The following code shows the proper handling of a single bitmap with multiple memory DCs.

// Standard setup, getting pretty good with this part.
HDC     hMemDC = ::CreateCompatibleDC(hDC);
HDC     hMemDC2= ::CreateCompatibleDC(hDC);
HBITMAP hBmp   = ::CreateCompatibleBitmap(hDC, width, height);

// Save off the object that is pushed out by selecting the new bitmap.
HGDIOBJ hOldBmp= ::SelectObject(hMemDC, hBmp);

...

// Select the original bitmap into this DC.
// 1) Free the original memory DCs hold on the bitmap.
::SelectObject(hMemDC, hOldBmp);  // <- returns same handle as hBmp.

// 2) The bitmap is available to be selected into any compatible memory DC.
::SelectObject(hMemDC2, hBmp);

There is a possible shortcut that you can use to release a memory DC's hold on a bitmap.
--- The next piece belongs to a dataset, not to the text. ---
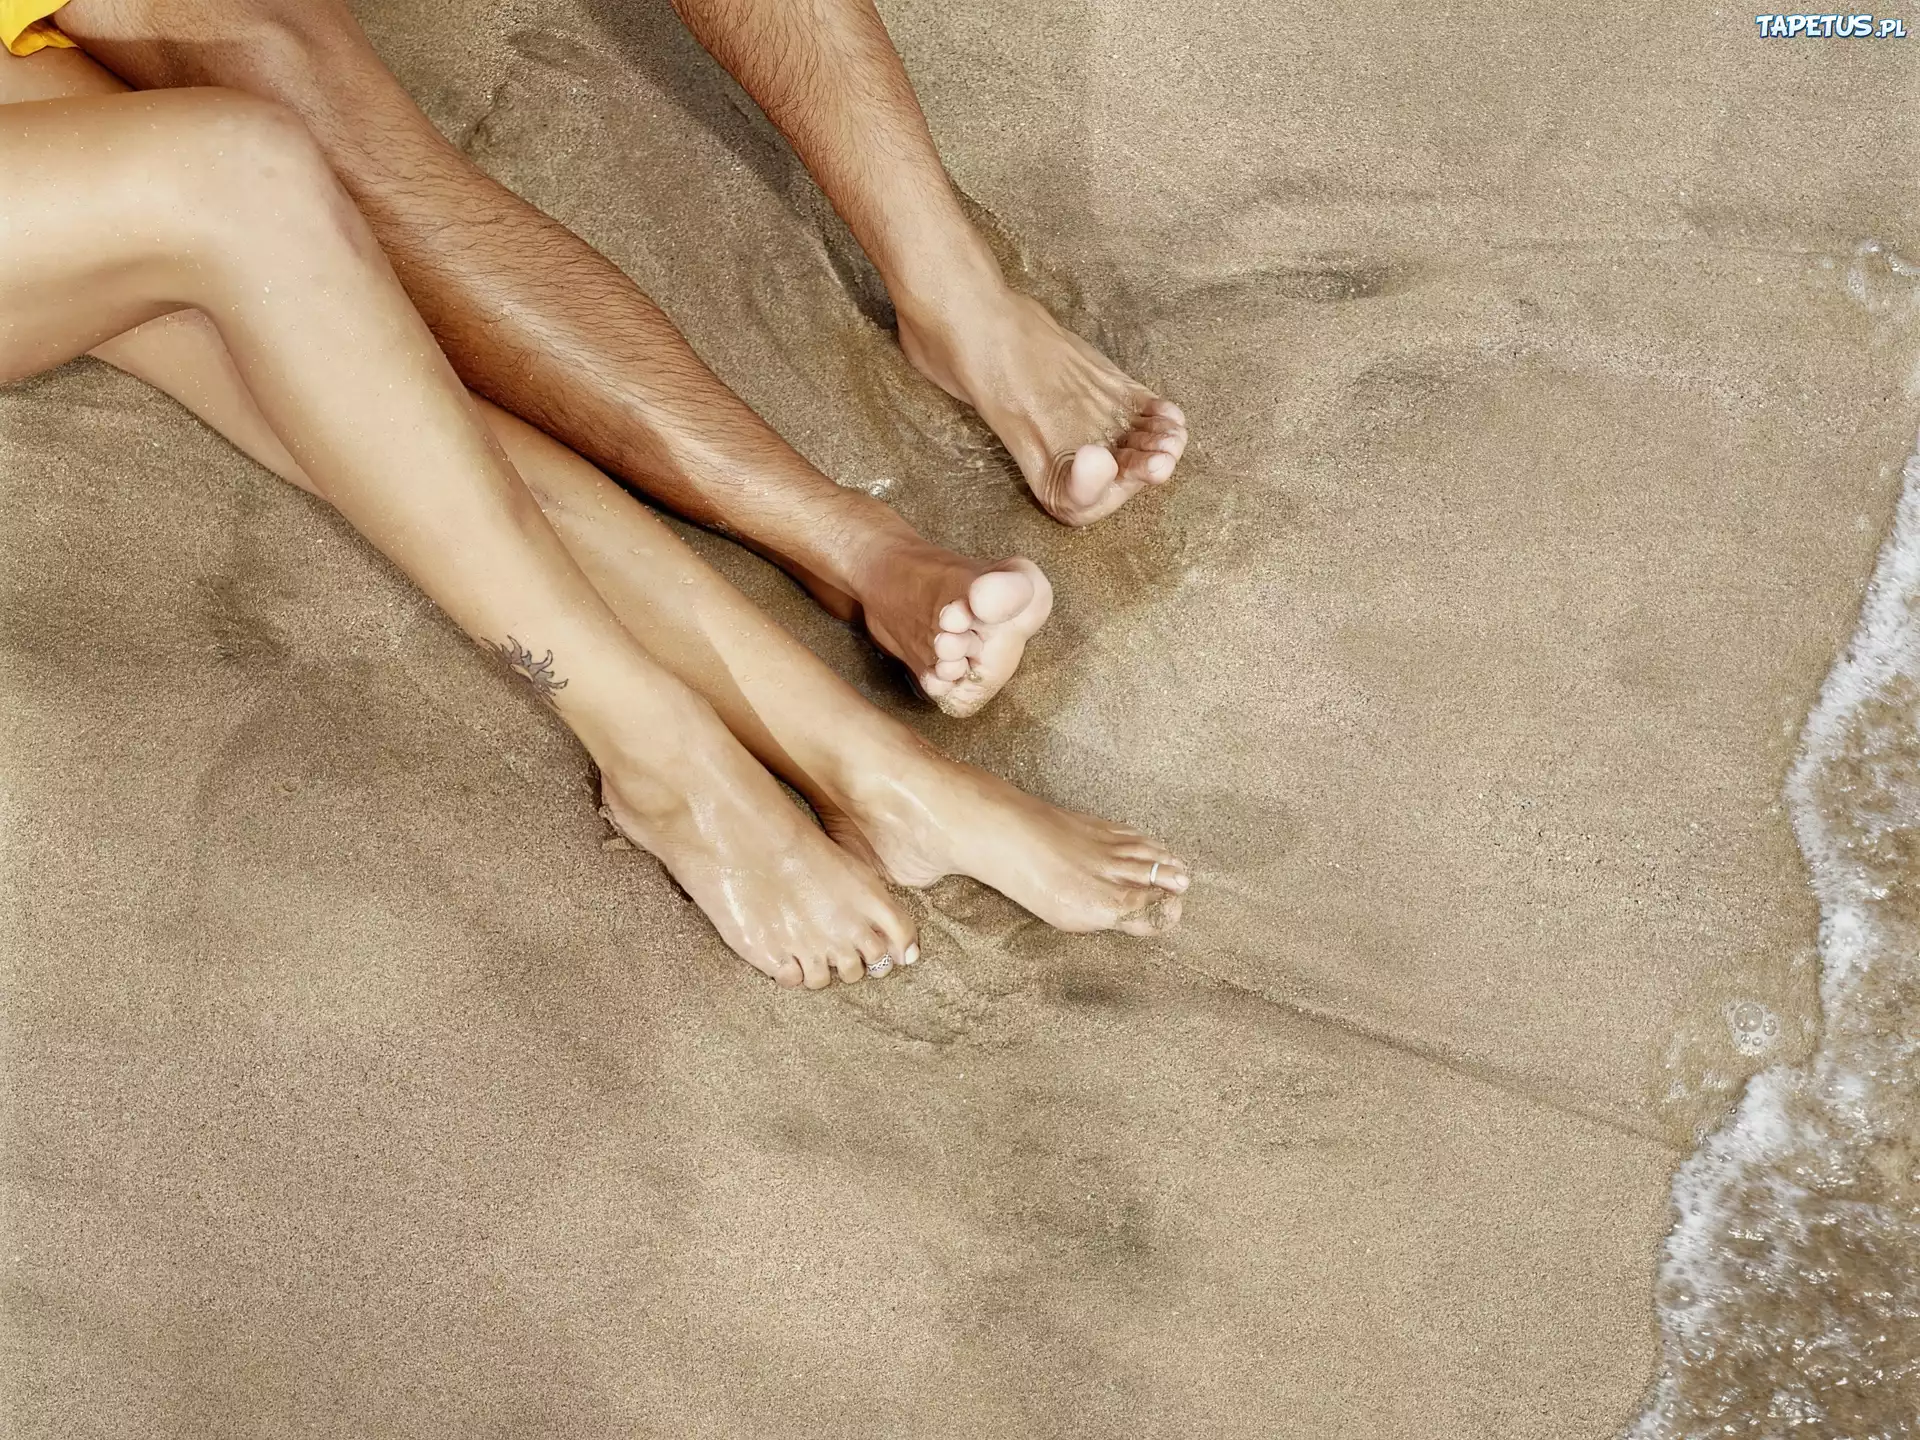 Женские ноги у мужчин. Женские ноги. Мужские и женские ноги на пляже. Красивые ноги мужские и женские. Мужские и женские ступни.

This shortcut is valid only if you no longer need the original memory DC but you want to keep the bitmap object around. If you delete the memory DC, this will release the hold on the bitmap and there is no further work to do. You no longer have to restore the original bitmap handle into the memory DC to release the bitmap handle.

// Standard memDC/bitmap setup
...

::DeleteDC(hMemDC);

// hBmp is now available to be selected into a different memory DC if desired.
::SelectObject(hMemDC2, hBmp);

The previous shortcut is actually a practice that would be a good habit to use all of the time. The HBITMAP cannot be deleted while it is selected into a memory DC. Therefore, if you attempt to call ::DeleteObject on your bitmap, without first restoring the original bitmap into the memory DC, or deleting the memory DC, you will have a GDI resource leak.

// Standard memDC/bitmap setup
...

::DeleteObject(hBmp); // <- Call fails, hBmp is still held by hMemDC.
                      //    A resource leak will occur.
                      //    ( Pfft, Who cares? isn't that why you splurged 
                      //      and bought 24 GB of RAM for your PC anyway?)
::DeleteDC(hMemDC);

To avoid this situation entirely, a good practice is to release the memory DCs first. If you desire to destroy the bitmap at this time as well, there are no issues with freeing them at this point.

// Standard memDC/bitmap setup
...

// Simply swap the order of clean up from the example above.
// Always free the memory DC first, then the bitmap to avoid common resource leaks.
::DeleteDC(hMemDC);
::DeleteObject(hBmp);   // No resource leak.
                      // ( Looks like you will have to find some 
                      //   other way to frivolously waste resources.)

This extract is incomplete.